QIYAMUL LAIL



Definisi
Qiyamul lail dinamakan dengan Tahajjud pada jumhur fuqoha yaitu shalat Tathawwu’ yang dilakukan pada malam hari setelah tidur.[1]
Keutamaan Qiyamul Lail
Sesungguhnya shalat tathawwu’ yang dilaksanakan pada pertengahan malam di bawah tirai kegelapan memiliki keutamaan dan pahala yang besar, bahkan tidak bisa diremehkan amalan ini dan tidak mampu untuk disifati. Qiyamul lail merupakan syi’ar orang-orang shalih dan kekhususan bagi orang yang bertakwa.
Diantara keutamaan qiyamul lail :[2]
1.      Perhatian besar Nabi Shalallahu ‘alaihi wa salam terhadap qiyamu lail sampai kedua kaki beliau pernah bengkak.
2.      Shalat malam merupakan salah satu penyebab masuk Surga.
3.      Qiyamul lail merupakan salah satu sebab ditinggikannya derajat di bilik-bilik Surga.
4.      Orang-orang yang senantiasa memelihara qiyamul lail berharap mendapatkan rahmat Allah dan Surga-Nya sebagaimana dalam surat Adz-Dzaariyaat ayat 17-18.
5.      Allah memuji orang-orang yang tekun melakukan qiyamul lail dan mengkategorikannya ke dalam golongan hamba-hamba-Nya yang selalu berbuat kebaikan sebagaimana dalam surat Al-Furqaan ayat 64. 
6.      Dia juga memberikan kesaksian untuk mereka atas keimanan mereka yang sempurna sebagaimana yang telah tertulis dalam surat As-Sajadah ayat 15-16.
7.      Allah tidak menyamakan mereka dengan orang-orang yang tidak memiliki sifat seperti mereka.
8.      Qiyamul lail dapat mengahapuskan berbagai kesalahan dan mencegah perbuatan dosa.
9.      Qiyamul lail merupakan shalat yang paling afdhal setelah shalat fardhu.
10.  Kemuliaan orang Mukmin itu adalah qiyamul lail.
11.  Qiyamul lail menjadikan pelakunya terhormat.
12.  Bacaan Al-Qur’an dalam qiyamul lail merupakan ghanimah yang besar.


Waktu Qiyamul Lail
Shalat malam boleh dilakukan pada awal malam atau pertengahannya dan diperbolehkan juga pad akhir malam.
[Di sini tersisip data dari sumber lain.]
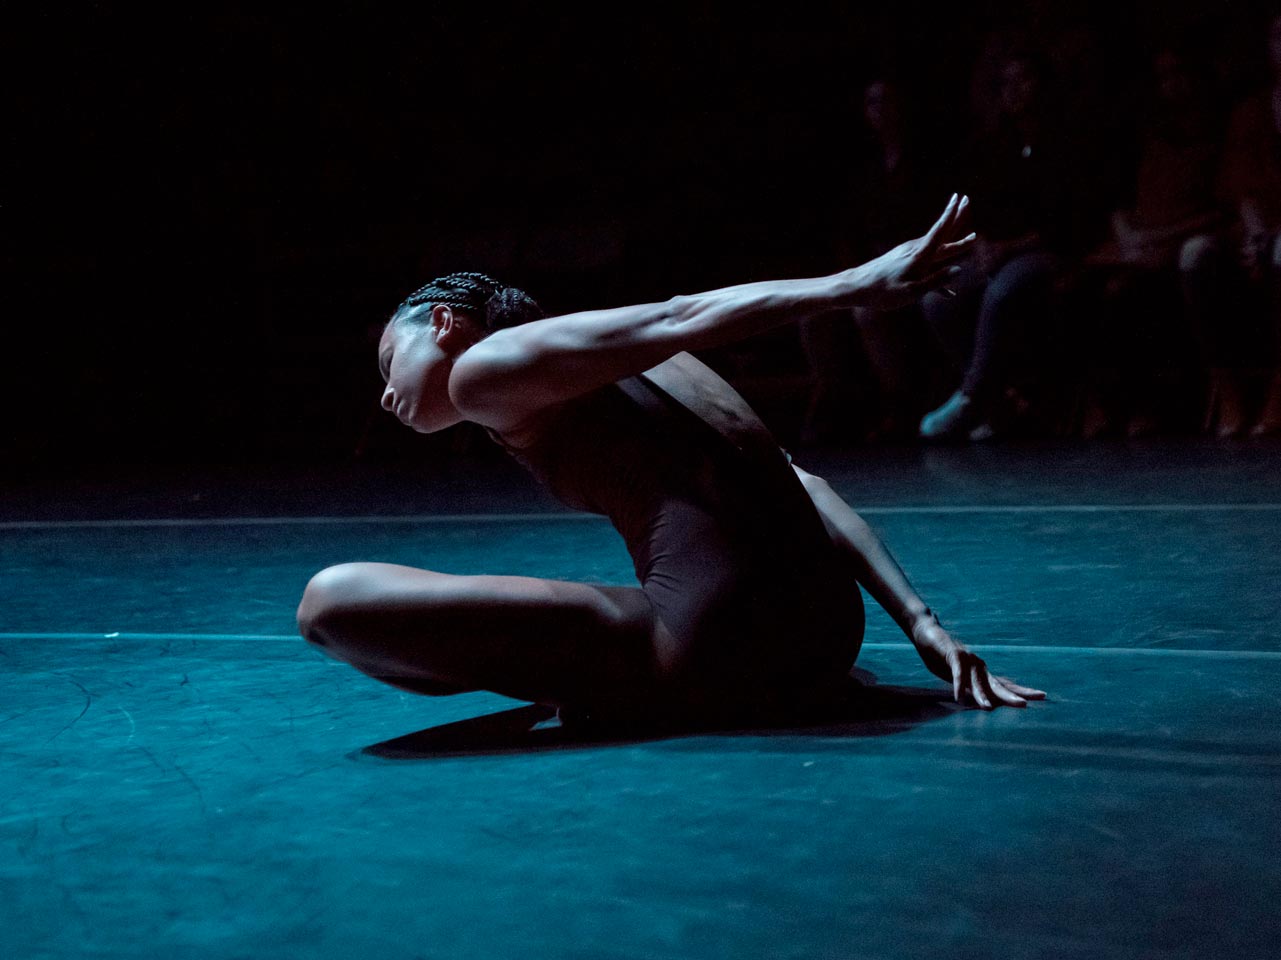 push/FOLD dancer Ashley Morton performing at Union PDX - Festival:19 at the Hampton Opera Center in Portland, Oregon | Photographer: Jingzi Zhao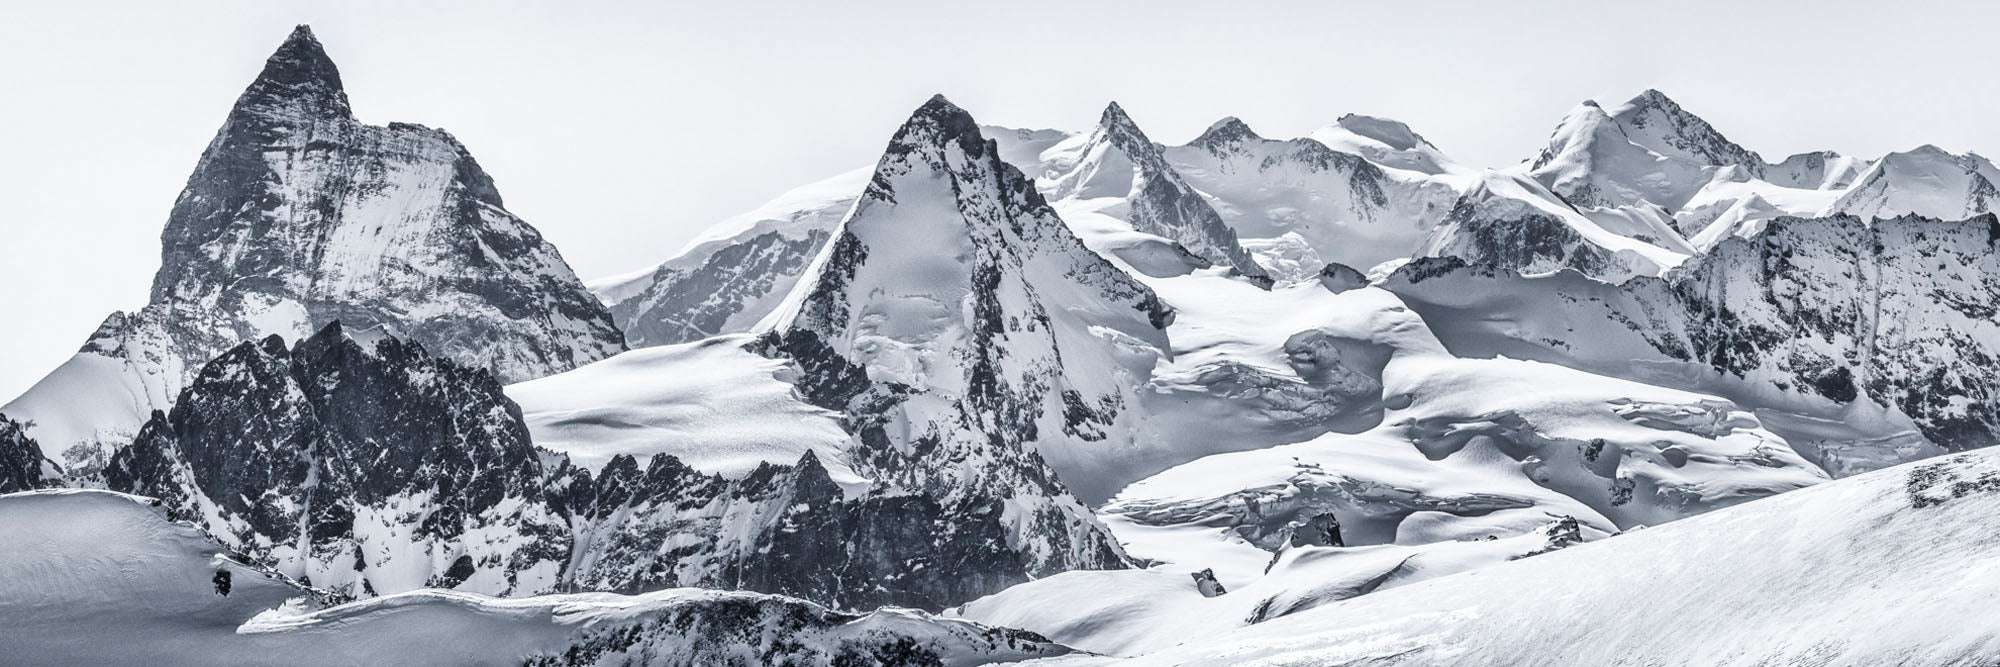 Valais Alps, Panorama, Switzerland (DSC8900).

Semua ini dilakukan oleh Rasulullah Shalallahu ‘alaihi wa salam. Dan sebaik-baik waktu qiyamul lail adalah sepertiga malam terakhir.
Dari ‘Amr bin ‘Abasah, bahwa Nabi Shalallahu ‘alaihi wa salam bersabda :
أقرب ما يكون الرب من العبد في جوف الليل الآخر فإن استطعت أن تكون ممن يذكر الله في تلك الساعة فكن
Saat Rabb berada paling dekat dengan hamba adalah pada pertengahan malam terakhir. Oleh karena itu, jika engkau bisa menjadi salah satu orang yang berdzikir kepada Alloh pada saat itu, lakukanlah.”[3]
Adab-adab Dalam Qiyamul Lail
1.      Menyiapkan diri untuk melakukan qiyam, dengan cara ;
a.       Tidur qoilulah, jika bisa (mudah).
b.      Meninggalkan perkara-perkara seperti bercakap-cakap setelah ‘Isya kecuali untuk kemaslahatan syar’i.
2.      Meniatkan diri untuk qiyam ketika hendak tidur.
3.      Hendaklah tidur dalam keadaan berwudhu.
4.      Hendaklah tidur menjadikan tangan kanannya sebagai sandaran (bantal).
5.      Dan jika khawatir tidak bangun untuk qiyam hendaknya untuk melakukan witir sebelum tidur.
6.      Berdzikir kepada Allah ketika hendak tidur.
7.      Mengusap wajah ketika hendak tidur dan berdo’a kemudian berwudhu ketika bangun dari tidur.
8.      Menggunakan siwak.
9.      Hendaknya dimulai dengan dua rakaat yang ringan.
10.  Membuka shalat malam dengan do’a yang diajarkan Rasulullah.
11.  Memperpanjang qiyam jika mampu selagi tidak memberatkan diri.[4]
12.  Bagi yang melakukan qiyam, bisa dengan tiga cara;
a.       Shalat dengan berdiri.
b.      Shalat dengan duduk dan rukuk dengan duduk.
c.       Ketika membaca dengan duduk, maka apabila telah ringan (mudah) dari bacaannya berdiri kembali dan ruku’ dengan posisi berdiri.
13.  Apabila malas, futur atau ketiduran maka tidurlah. Dan apabila semangat, rajin maka shalatlah.
14.  Membaca dengan tartil dan memperbagus suara.
15.  Mentadabburi ayat-ayat, berlindung dari godaan syaitan (ta’awwudz), bertasbih dalam bacaan dan menangis dalam shalat.
16.  Memperbanyak do’a.
17.  Membangunkan keluarga untuk shalat malam.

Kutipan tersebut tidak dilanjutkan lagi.